A computer program stored in a non-transitory computer readable storage medium,
The computer program is a computer program for detecting malicious code in a Linux environment,
The computer program includes one or more instructions that, when executed by a computing device having one or more processors, cause the computing device to:
Have the target file run to collect each system call and system call parameter that is called,
Classify the collected one or more system calls into any one action group among preset action groups to generate action group related information of the target file; and
Measure the similarity between the behavior group-related information of the target file and the behavior group-related information of a pre-stored malicious file;
The system call is composed of basic function calls for the operating system to use Linux kernel region functions in the Linux environment.
Instructions for generating the action group related information,
Classify each of the collected system calls by a predetermined category according to a behavior characteristic of a corresponding system call, and assign a predetermined category classification number to the classified category to the corresponding system call,
Generate a system call table including the category classification number and the system call parameter according to the calling order of the collected system calls;
Based on the category classification number and system call parameter of the system call table, the collected one or more system calls are classified into any one action group among predetermined action groups, and a predetermined action group number for the classified action group is assigned. To grant,
Generate a context map table including an action group number and an action group parameter according to the time sequence of each classified action group,
The action group parameter is information indicating what the main factor of the action group is, and is set based on a system call parameter of a system call corresponding to the action group.

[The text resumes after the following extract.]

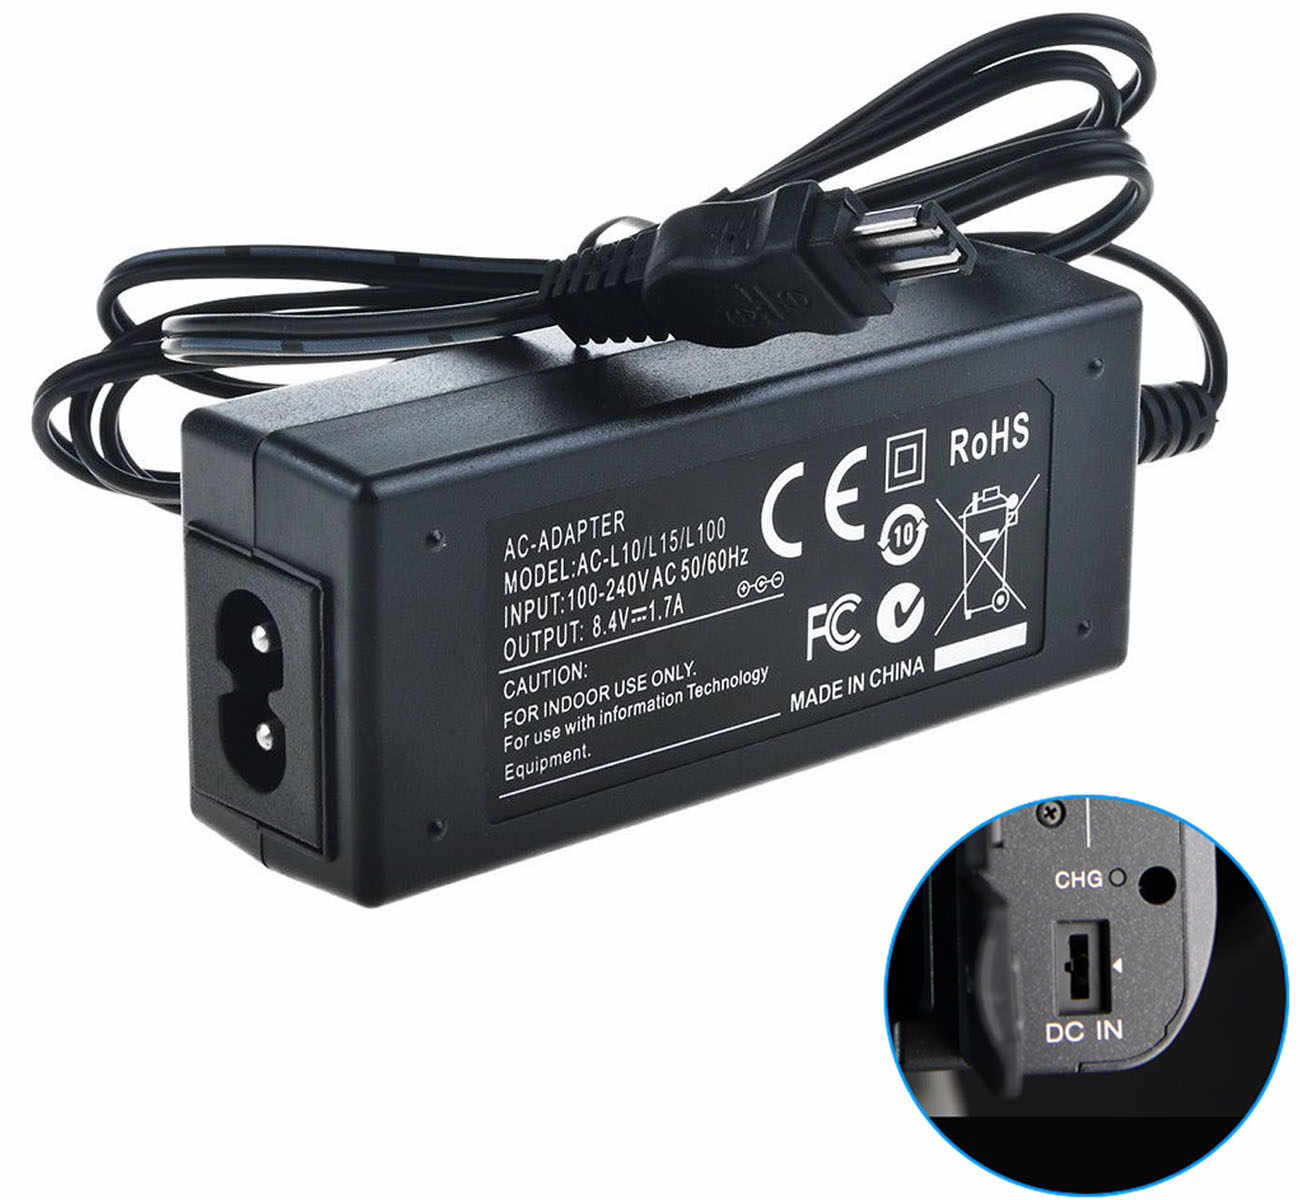 MVC-CD400 Digital Camera plus HQRP Coaster MVC-CD200 MVC-CD300 MVC-CD350 MVC-CD250 HQRP Replacement AC Adapter//Charger for Sony Mavica MVC-CD1000

Instructions for measuring the similarity,
Determine a similarity between the time order of the action group number in the context map table of the target file and the time order of the action group number in the context map table of the pre-stored malicious file to measure a first similarity, and the context map table of the target file Determine a similarity between the behavior group number and the behavior group parameter in the context map table of the previously stored malicious file and the behavior group parameter and the previously stored malicious file, measure a second similarity, give a first weight to the first similarity, The second similarity is given a second weight higher than the first weight and summed to calculate the total similarity score between the context map table of the target file and the stored context map table of the malicious file.
The instructions for classifying the action group may include: classifying the one or more system calls into any one action group among predetermined action groups according to a type of a system call,
The type of system call includes a single system call type, a continuous system call type of the same category, and a complex category system call type,
The single system call type indicates a case in which a single system call can grasp its behavior, and the continuous system call type of the same category indicates when system calls are continuously called in the same category, and the complex category system call type is 2 A computer program representing when a system call is called in combination in more than one category.